— Я спрашиваю о вашей знакомой, похожей на Аню.
— О моей знакомой? — переспросил растерявшийся Алик и бросил искоса взгляд на Даниила. Прощаясь с Аней, он, Алик, ничего не сказал, кажется, кроме того, что его знакомая похожа на нее. Почему же Даниил вдруг спросил, сильно ли он любил ее?
— Моя знакомая не была похожа на Аню, — сказал Даниил, — Ириной звали ее. Мы учились в разных школах, она — в женской, я — в мужской. Теперь таких школ уже нет, но в наше время были.
— В наше время — тоже. — Алик давал этим знать, что и он имеет кой-какое отношение к тем временам.
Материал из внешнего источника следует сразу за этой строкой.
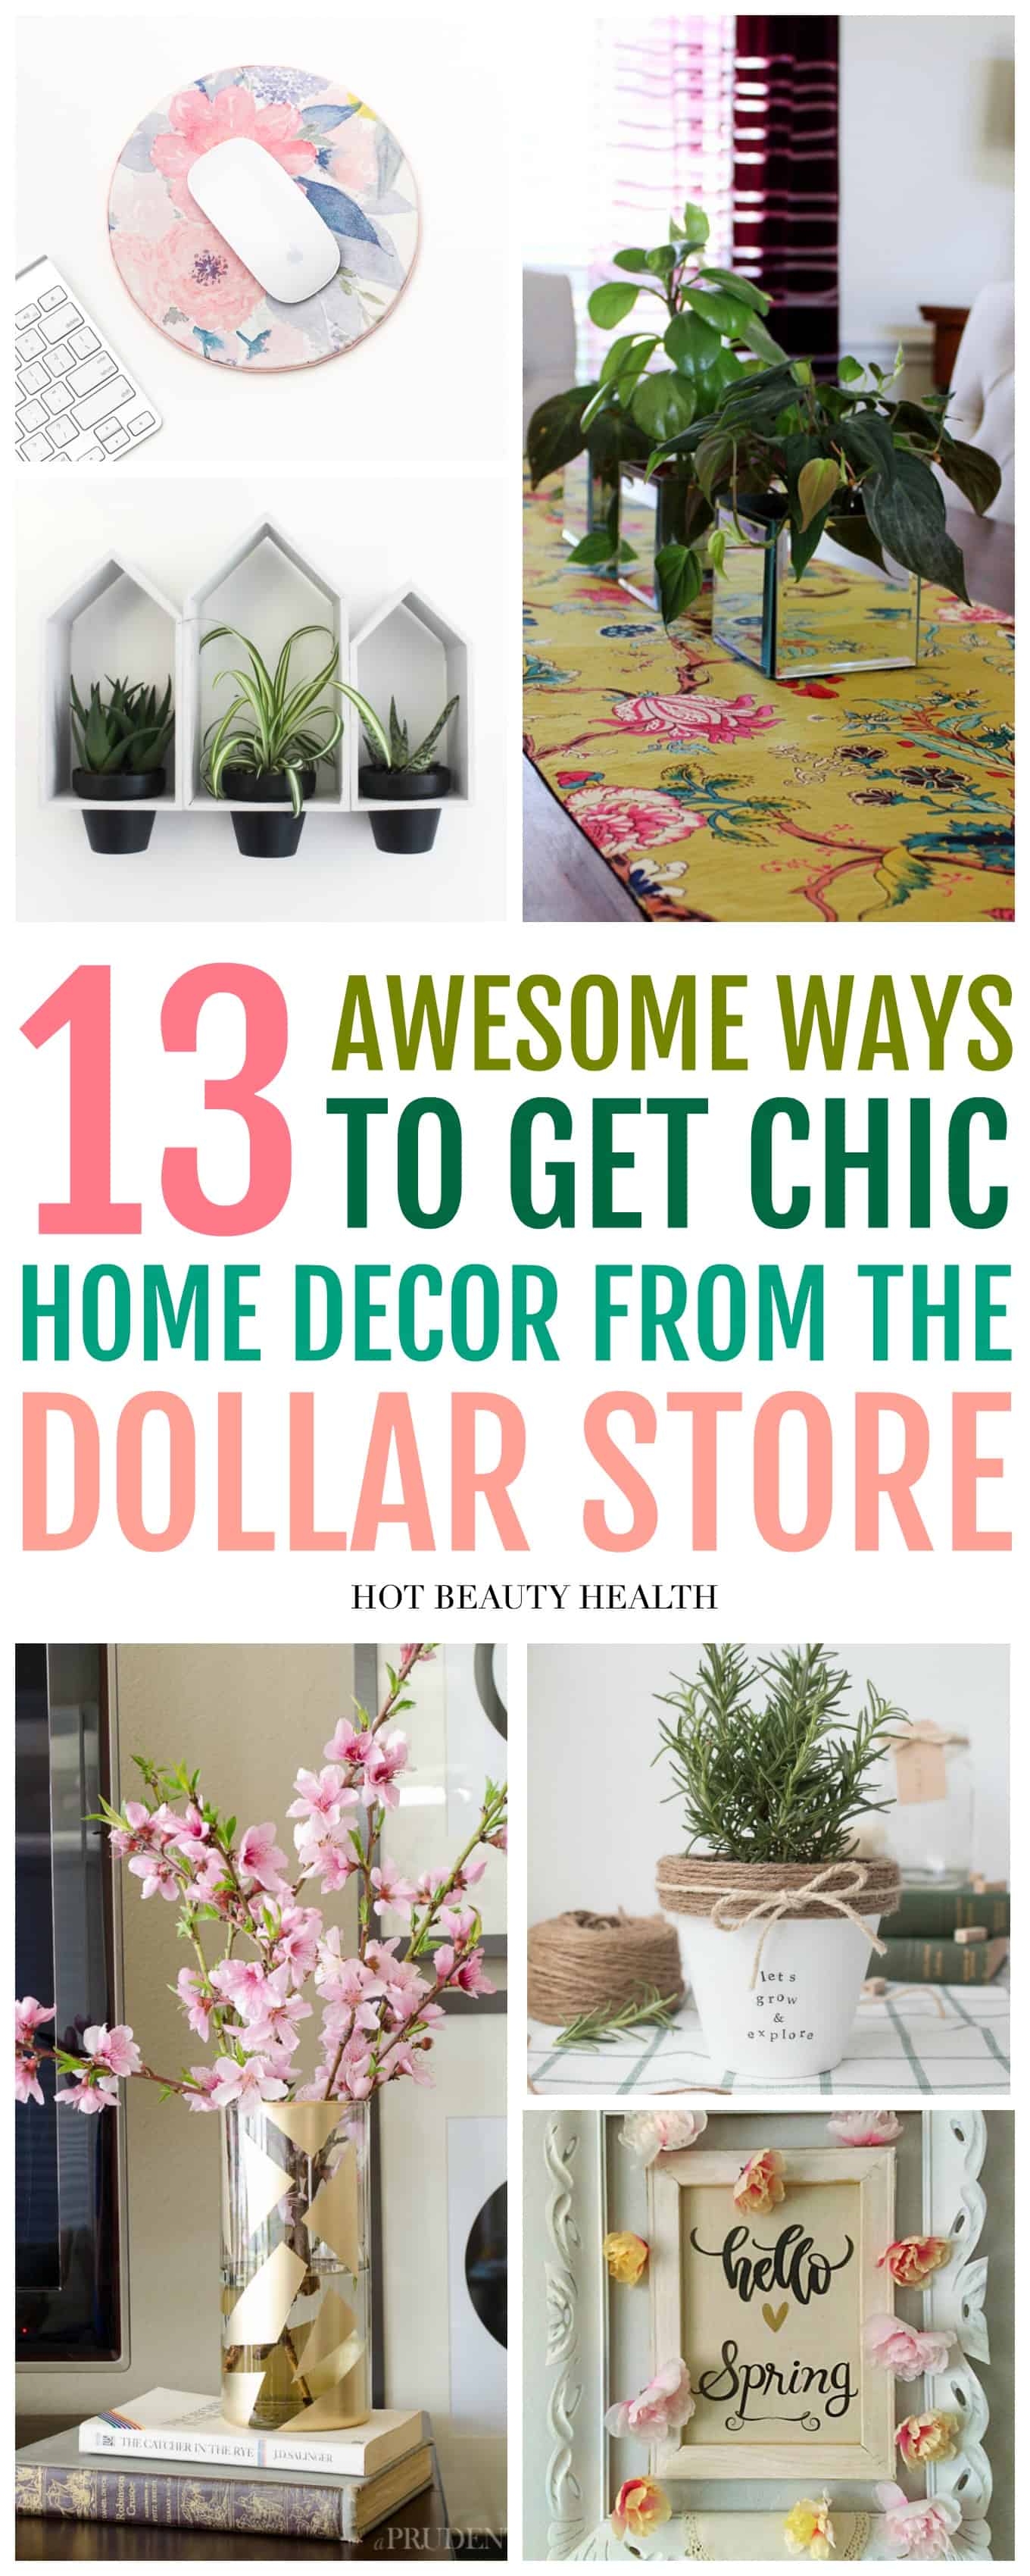 13 Dollar Store Home Decor Ideas You'll Love - Hot Beauty ...

— Да. Вы тогда были, вероятно, во втором или в третьем классе, а я — в девятом… Я — в девятом, а Ирина — в восьмом. Мы жили недалеко друг от друга и почти каждый вечер виделись. На новогодней елке в Колонном зале я познакомил ее с одним моим товарищем…
Даниил остановился возле деревца с обвисшими ветвями, закурил, затянулся и, пройдя несколько шагов, продолжал:
— Толя был способный ученик, очень красивый — рослый, статный, с голубыми глазами, даже с ямочками на щеках… Но странная у него была повадка — у других все выспрашивал, а о себе — ни слова. Он у меня дома был несколько раз, а я у него — ни разу.
«А мы бывали друг у друга — я у Бориса, Борис у меня», — хотелось Алику сказать.
— Недели через две-три после новогодней елки в Колонном зале я стал замечать, что Ирина меня избегает. То сошлется на нездоровье матери, то, мол, должна пойти к подруге помочь ей готовить уроки, а когда мы все же однажды встретились, она сунула мне в руку записку и убежала. В записке было: «Не могу с тобой больше встречаться».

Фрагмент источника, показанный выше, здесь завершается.